One thing I see too often is post players who position themselves and then stand still. That is not how this works. Jude Menezes, in his masterclass on rebound scoring, captures it perfectly: “Almost even before they entered the circle, they expected and they believed that the ball was coming to them. So it’s just that anticipation that it’s coming to me, and that in turn gets them working on their readiness.”[4] Your post players need to be in constant micro-movement, adjusting their position based on where the shot is coming from, where the defenders are shifting, and where the goalkeeper is committing.

The Trailer Role

The trailer sits slightly deeper, typically at or just inside the top of the circle. Their job is multifaceted. On the initial routine, they provide a release valve if the primary option is closed down. On a slip variation, they may become the shooter. But their most important function comes in the second phase.

When the initial shot is saved or blocked, the trailer is often the player with the clearest view of where the ball has gone and who has the best angle. They need to be ready to either crash in themselves or hold their position to receive a layoff. The decision between crashing and holding is one we will address in detail later, but for now, understand that the trailer cannot be passive. They are reading the play and making split-second decisions about whether to attack the ball or maintain their spacing.

Tin Matkovic talks about having “rebound positions covered” as part of every routine.[2] The trailer is your primary rebound insurance. If they are not engaged, if they are not anticipating, you are essentially gambling that your first shot will be perfect every time. And as we have established, it will not be.

The Second-Phase Shooter

In many setups, the second-phase shooter is one of your post players or your trailer. But conceptually, it helps to think of this as a distinct responsibility. This is the player who is designated to take the second shot if one becomes available. They need to have their stick on the ground, their body weight forward, and their eyes locked on the ball from the moment the flick or hit is released.
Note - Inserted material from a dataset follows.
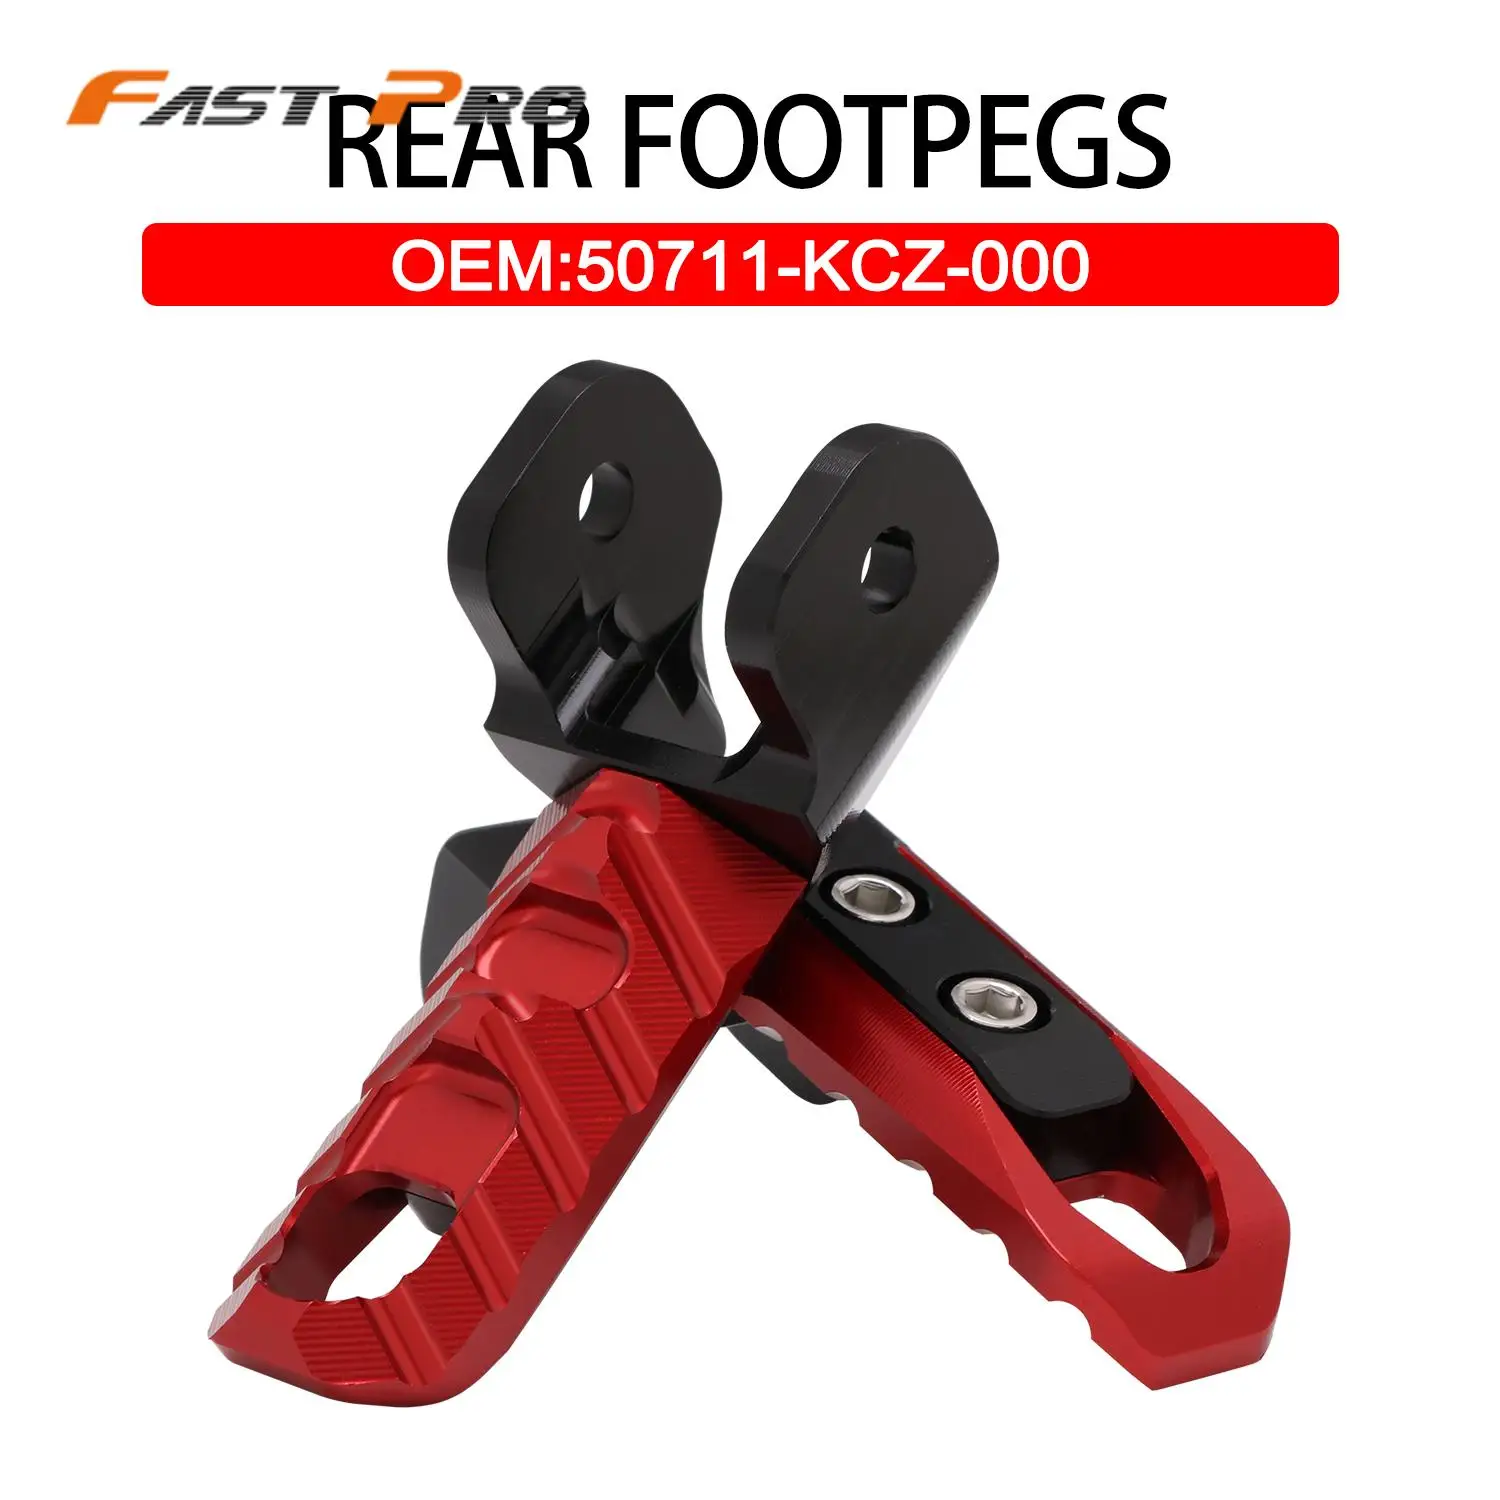 

Motorcycle Aluminum Rear Footpegs Footrests Foot Pegs Rests For Honda CRF230L CRF230M XR230 XR250 XR400 MOTARD BAJA Dirt Bike

Simon Blanford’s analysis of in-circle outcomes reveals something important: when you accumulate shot probabilities across a sequence of actions, the overall chance of scoring increases significantly.[1] He gives the example of a German sequence where an initial 3% shot led to a rebound shot at 3.2%, which then led to a corner at 15%, resulting in an accumulated probability of 20%. That is nearly seven times higher than the initial shot alone. Your second-phase shooter is the player who turns that mathematical potential into reality.
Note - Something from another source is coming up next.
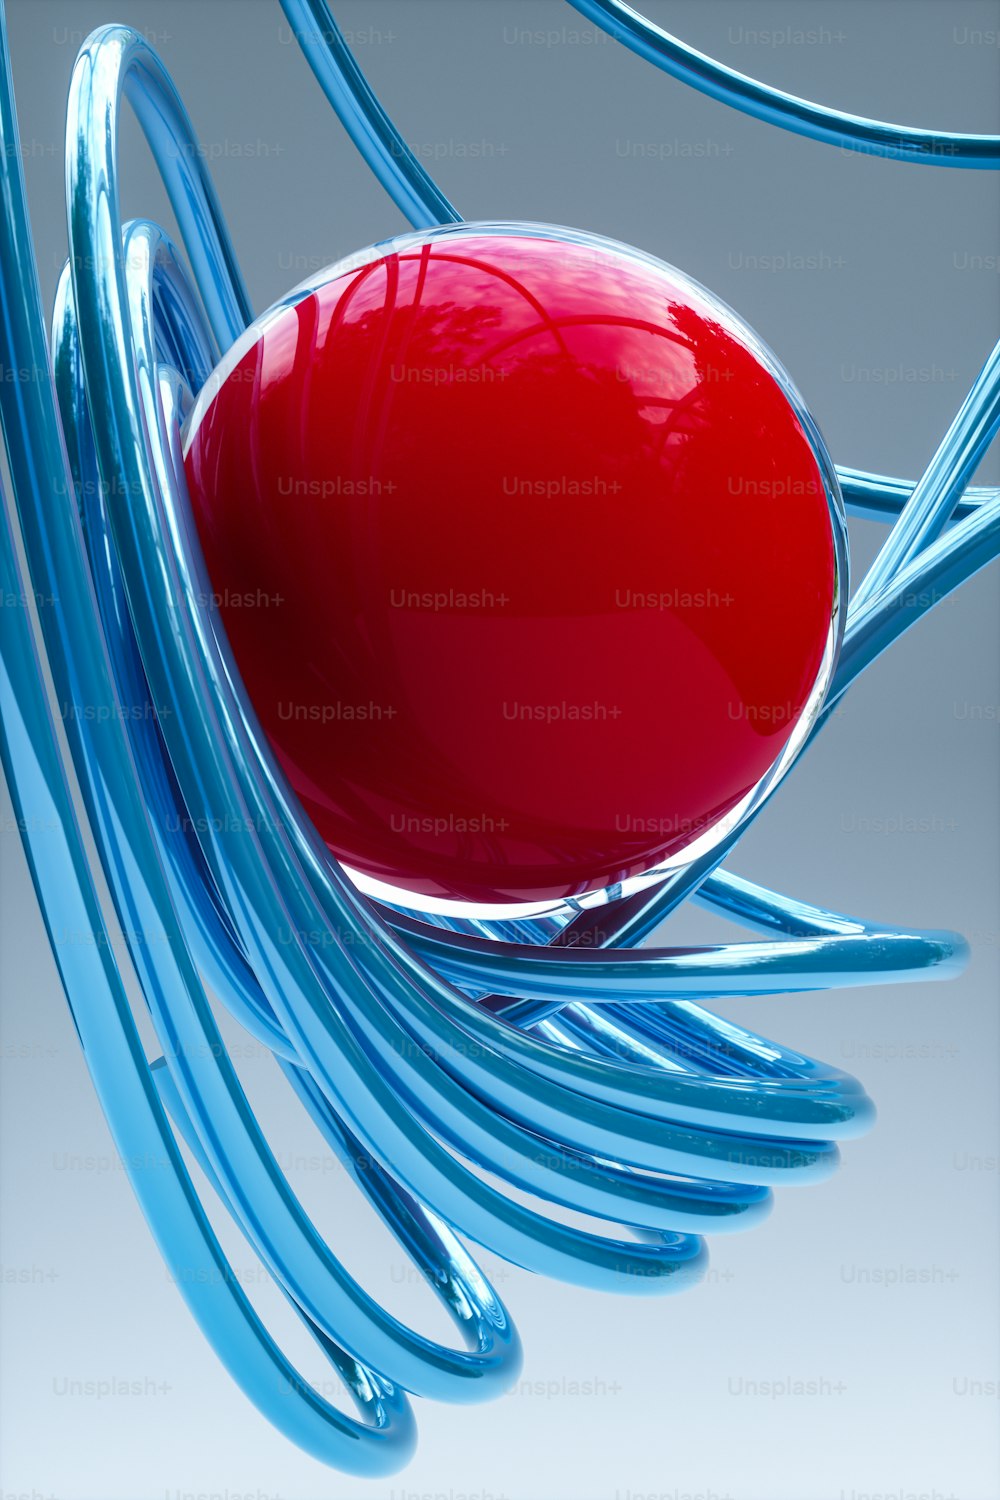 un oggetto rosso seduto sopra un oggetto blu

The Safety and Transition Responsibility

Here is where many teams get caught out. Everyone is so focused on scoring that they forget the corner might break down entirely. The ball might be intercepted. The goalkeeper might clear it long. A defender might charge down the initial shot and launch a counterattack.

You need at least one player, sometimes two, whose primary responsibility is transition security. This player positions themselves at the edge of the circle or just outside, ready to track back immediately if possession is lost. They are not crashing for rebounds. They are your insurance policy against being caught with seven players in the opponent’s circle while they break four-on-two the other way.
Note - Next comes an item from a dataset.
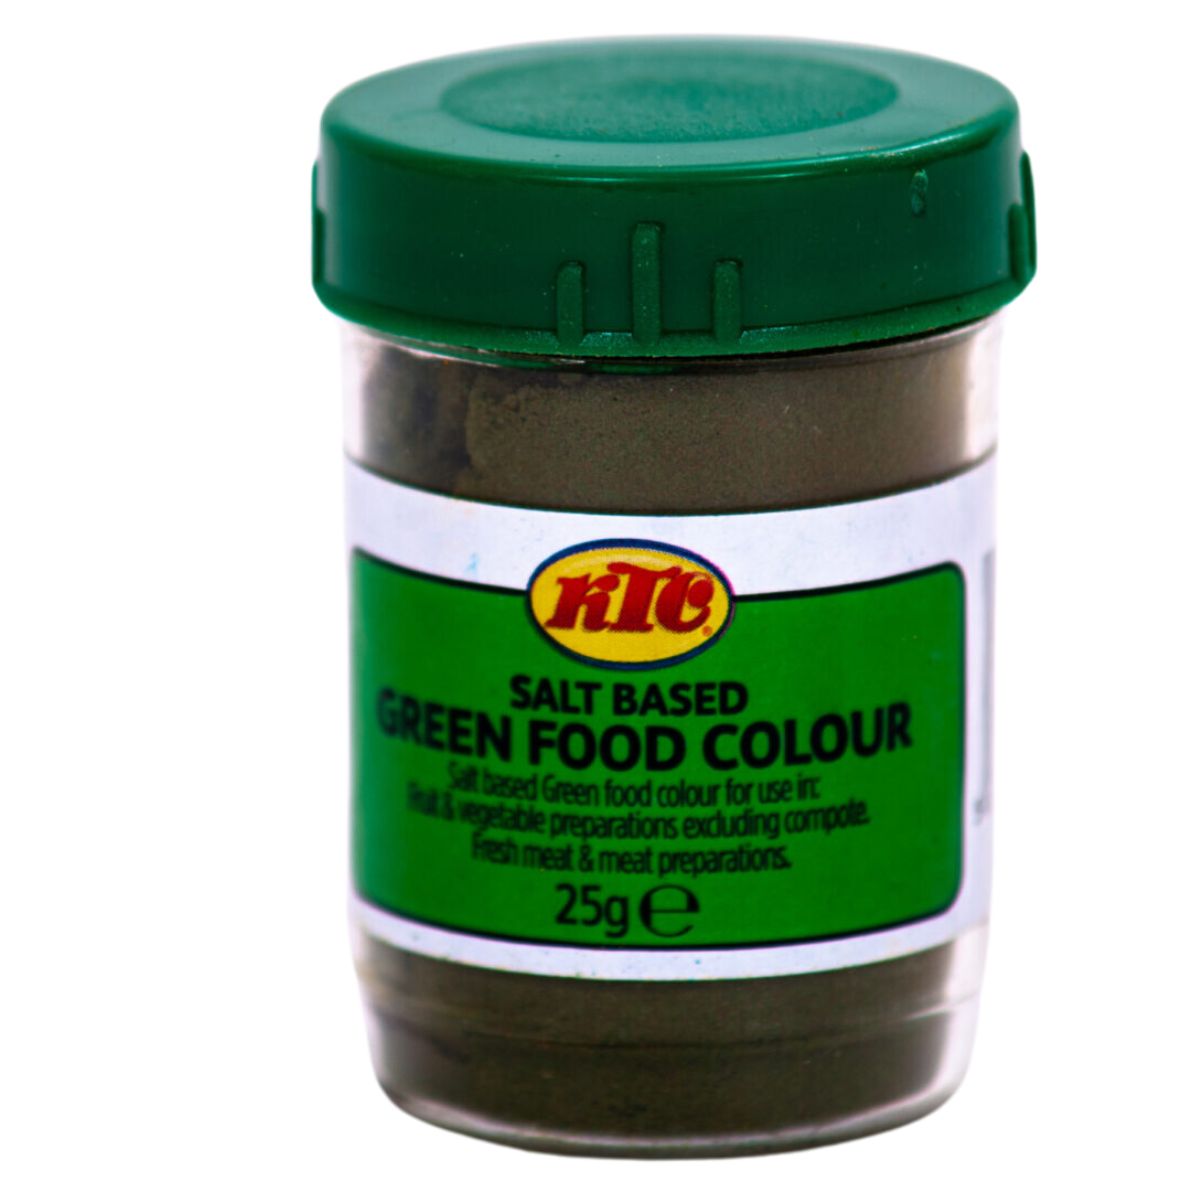 A jar of KTC - Green Food Colour - 25g, salt-based.

Pirmin Blaak, discussing goalkeeper training and game situations, touches on the importance of understanding numerical dynamics around the goal.[5] The same logic applies in reverse. If your PC breaks down, you need to recover numbers quickly or you are exposed. The safety player is not glamorous, but they might save you two goals for every one they cost you by not being in a rebound position.


Rebound Anticipation: Reading Deflections and Positioning for Garbage Goals

Let me be direct about this: most goals from penalty corners do not come from the initial flick or hit beating the goalkeeper cleanly. They come from deflections, ricochets, second balls, and what we politely call “garbage goals.” The teams that score consistently from corners are the ones that anticipate and position for these outcomes.